Closing the innovation gap

100% agreement here; the larger an org grows, the more expensive it is to get information across the producer/user divide. Anything that gives a direct view into what customers are doing (or failing at!) with your product is gold.

This isn’t exclusive to software, either – one of the books I love to wave around is Eric Von Hippel’s Democratizing Innovation. It digs into this phenomenon and finds it in a wide variety of industries. https://mitpress.mit.edu/books/democratizing-innovation

I was fortunate to find it early in my open source career — it frames FLOSS and similar efforts as examples of user-driven experimentation with short feedback loops, rather than “It’s just magic that changes everything.”

The fundamental idea is that building an effective product or tool requires insight into what users of the tool or product need. But success requires scale, and soon the team‘s expertise is in “efficiently producing tools and products,” not the work that their users do.

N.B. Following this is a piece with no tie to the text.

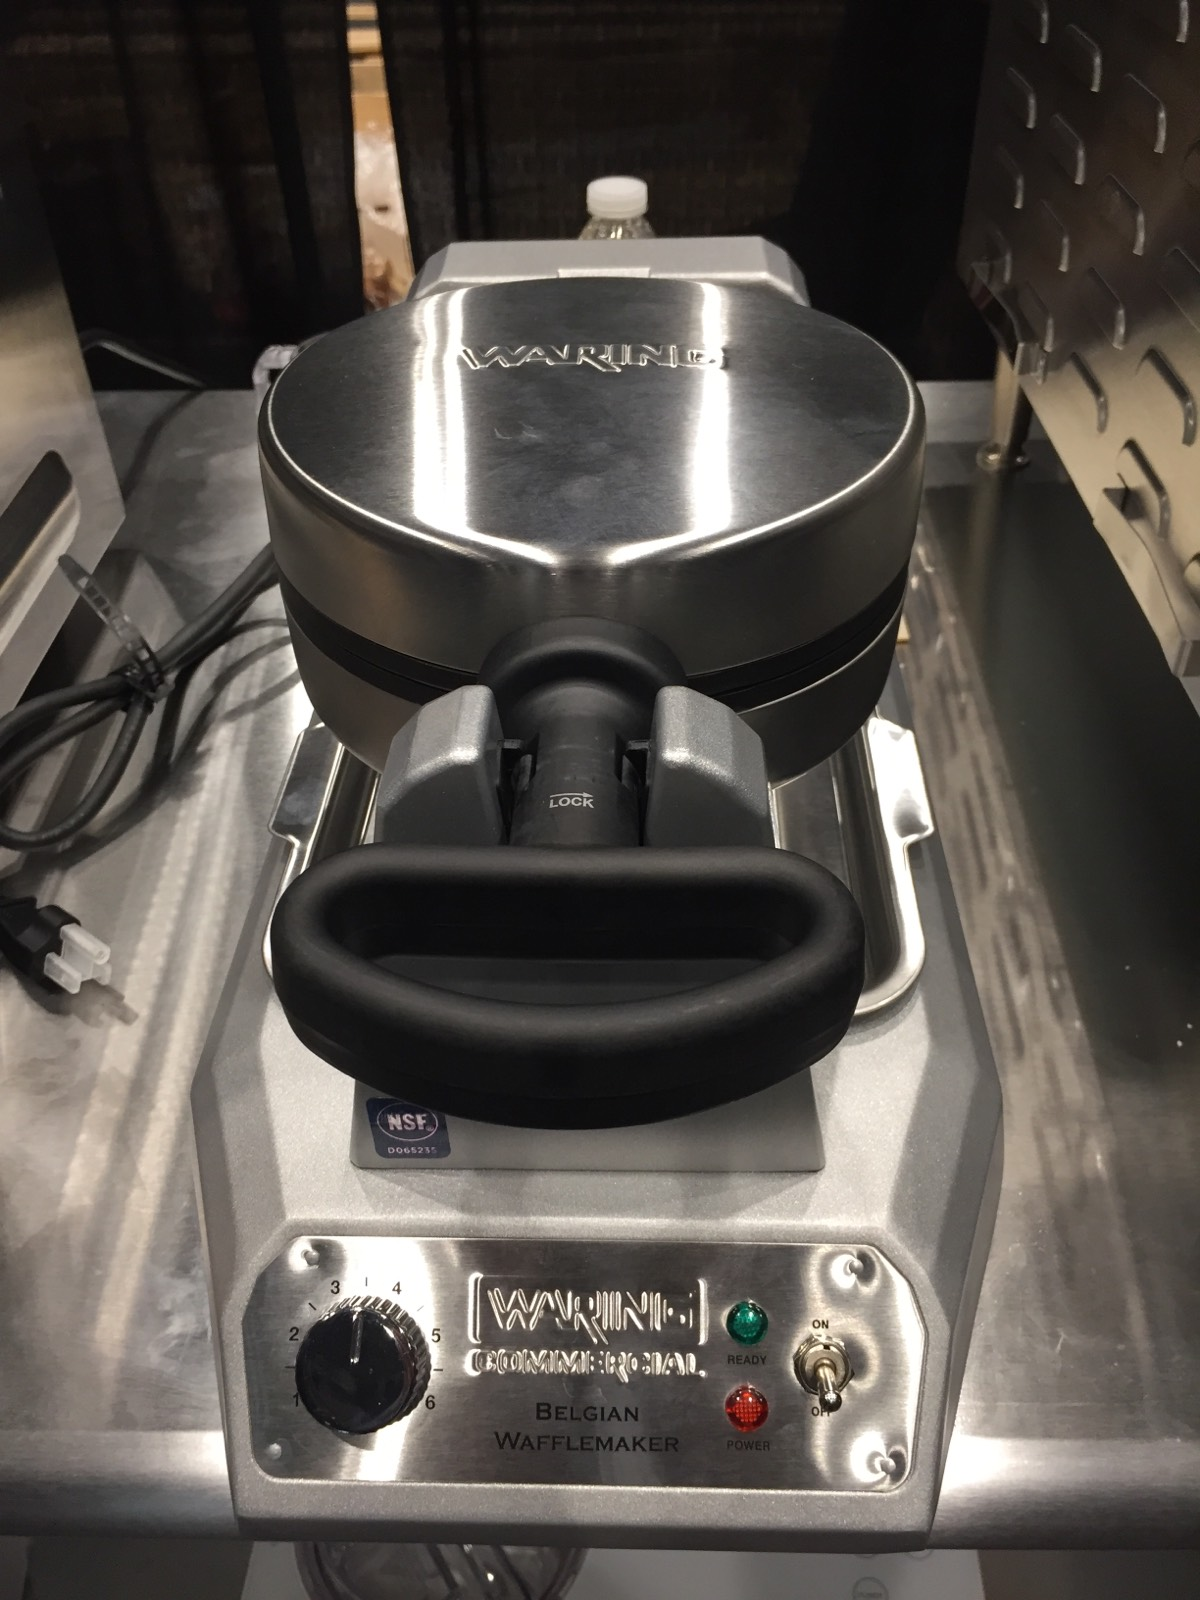 Commercial grade waffle maker (Waring)

As that gap grows, getting new and emergent needs, applications, or frustrations from the “tool-user” space across the divide to the “tool-builder” space becomes more and more expensive in both time and dollars.

Von Hippel’s work focuses on the idea of “user-led innovation“ — systems where a tool has just enough flex to it that the end users can customize it, serving emergent needs or fixing annoyances without the need for a ‘product development‘ feedback loop.

An example from his book is the rise of kite surfing — it emerged organically from customization of boards by surfers in the 70s and 80s. They experimented, shared ideas and iterated, and only when it exploded in popularity did surfing gear manufacturers get … on board. cough

Von Hippel explores that dynamic in a bunch of other industries, from assembly line tooling in factories to the Apache project. He sees a successful user-led-innovation system as a kind of outsourced R&D, where users come up with the ideas and producers figure out how to scale.

But making that kind of feedback loop isn’t as simple as just hoping. Just ask any company who’s tossed their previously closed-source project onto GitHub and hoped for a wave of user contributions. Or any design system team that tried to make “distributed governance” work…

The non-negotiable element is “the tool or product can be modified by an end user to suit their needs.” That doesn’t just mean technically possible, the actual work of customizing it has to be within the skillset and understanding of at least some percentage of the user base.

(That doesn’t necessarily mean open source, either — a robust plugin architecture, or software that’s easy to automate, can meet that criteria without users messing in its own source code. They key is that they can bash together what they need without the producer intervening.)

The force multiplier, though — the part that turns the user-customization into an innovation engine — is key. Users have to be able to share their customizations with each other. Either as blueprints or instructions or as ready-to-use bits.

At that point the R&D feedback loop of experimentation and iteration can exist entirely on the “people with a need” side of the product development fence. They can improve on each others’ work and fill new niches that aren’t (yet) mature enough to justify explicit product focus.

The thing is, though, this virtuous circle of users solving problems and filling niches might make them love the product, but it doesn’t inherently improve the product. Because so far, we’ve only talked about how they improve things to solve their own problems.

Von Hippel frames the blessing/curse of the “tool producer” role as an unfortunately necessary optimization; you begin to specialize in making the tool, not using it, because that lets you create higher quality tools more efficiently.

The trick is that many teams — especially ones that start out solving their own problems by building a new tool that catches on — don’t recognize when they’ve transitioned from insight-filled “tool users” to the optimization-obsessed “tool makers.” It creeps up on you!

One symptoms is assuming today’s users have the same problems as yesterday’s — coincidentally, problems the tool-builders remember experiencing. Lack of interest in user research is another.

Another symptom of the disconnect (going back to the initial RT) is treating product support as triage, a breakwall for bugs and user confusion, rather than a key source of insight into what they are trying to do.

Because the third component that’s absolutely necessary for a successful ”user innovation” feedback loop is a dialogue between the tool producers and tool users. A window into what they’re attempting, and what tweaks are taking off. Respect for what that happens at the edges.

Without a producer figuring to operationalize the new innovation, the “lead users” making the tweaks and customizations would just be hackers and kitbashers on the fringes. Their work wouldn’t scale up to help the people without the crossover skills to do the customizing.

In addition, some of the ideas that emerge from those systems will be innapropriate for incorporation into the core product. They might interfere with other users’ core needs, or be of little use to folks outside the niche that produced the idea.

That’s the responsibility of the tool-maker: figuring out what kind of tool this will be out of all the possible tools. What it will emphasize and what it will excel at and what it will enable but not prioritize.

This model — allowing emergent specialization of broad-functionality tools, then focusing on the governance and feedback loops that drive what hacks become Official Features — has shaped how @autogram_is approaches both design system and content architecture stuff for large orgs.

It’s been a huge influence on how I understand the value of open source to organizations (and individuals), especially those who aren’t themselves developers.

And it’s helped me recognize the profound value of teams that work directly with end-users. Customer service, technical support teams, trainers, even sales when they’re incentivized to recognize and describe emerging needs rather than simply sell through them.